A review by thechanelmuse
Wandering in Strange Lands: A Daughter of the Great Migration Reclaims Her Roots by Morgan Jerkins

5.0

From the title alone, I knew this book was going to feel familiar. Morgan Jerkins' familial journey through Georgia, South Carolina, Louisiana, Oklahoma, and California made me think of my own. I am the grand daughter of grandparents who headed to New York during the Great Migration by way of Georgia, South Carolina and North Carolina stretching back to Virginia.

Being a Black American is not only a layered identity with interwoven lineage and rich, connected cultures throughout the upper and deep South; it's a complex one when you tie in the umpteenth times we've been reclassified for centuries on our ancestral land, as well as being questioned for who we are, not fully understood for who we are, and the erasure (ethnocide) of who we are, especially through US documents and laws.

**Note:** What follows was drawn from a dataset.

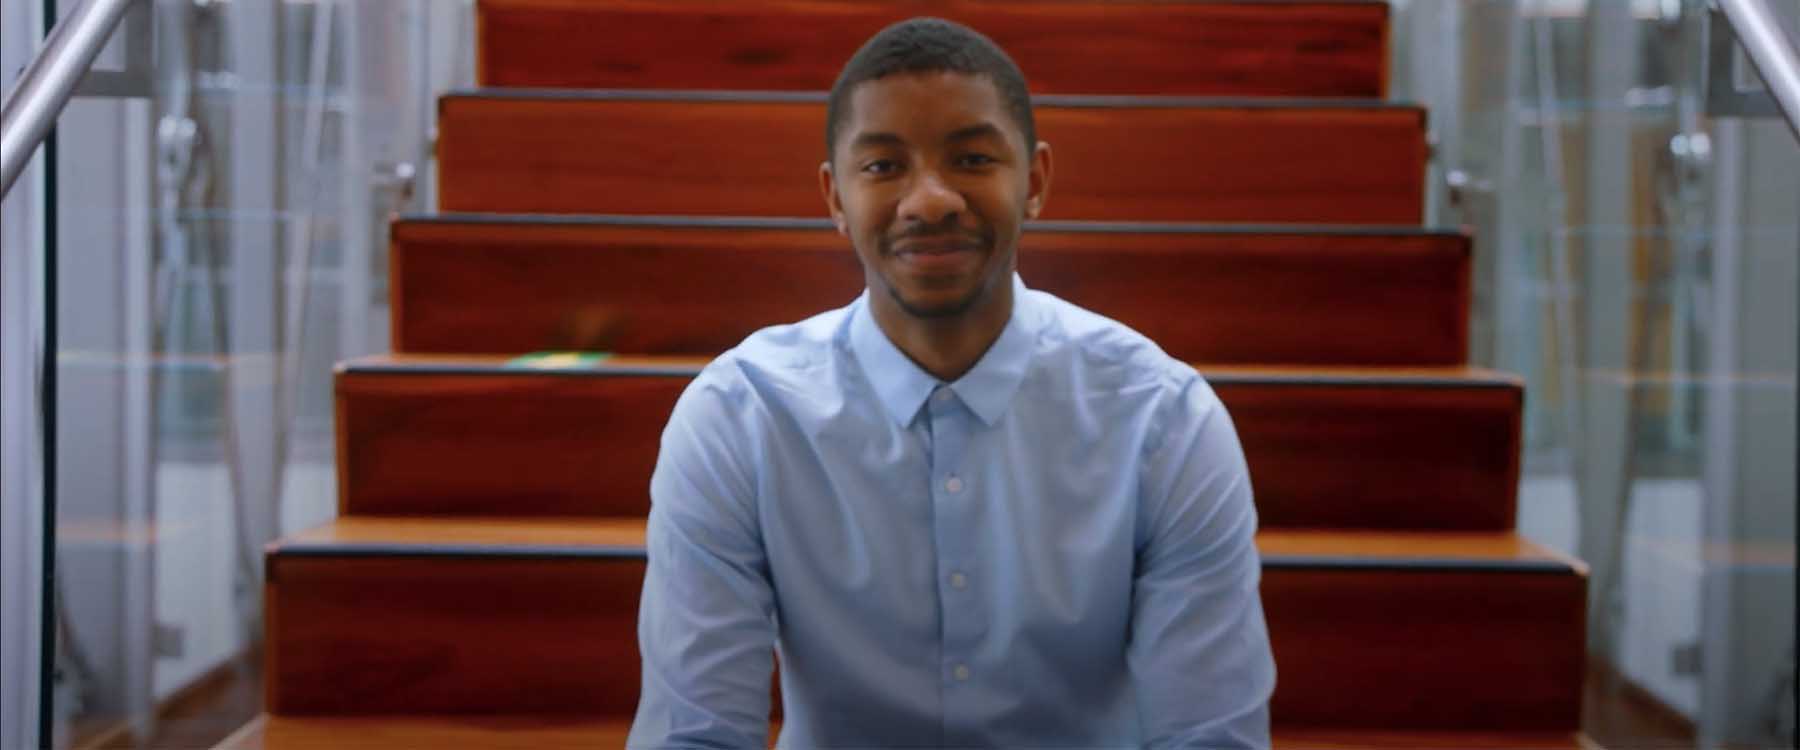 Technology visionary and alumnus Adonis Abdullah ’21, ’22M.S. is forging ahead on his entrepreneurial journey as co-founder of the startup Hot Route Analytics.

I've been working on my genealogy for well over 10 years. Wandering in Strange Lands doesn't just take me back to that first day of curiosity and confirmation while uncovering the paper trail of my ancestors (that goes back to the 1500s on a few lines), it's an everyday feeling the more I continue to uncover. It'll never dissipate, especially being able to unearth the identity of ancestors whose names haven't been said for hundreds of years.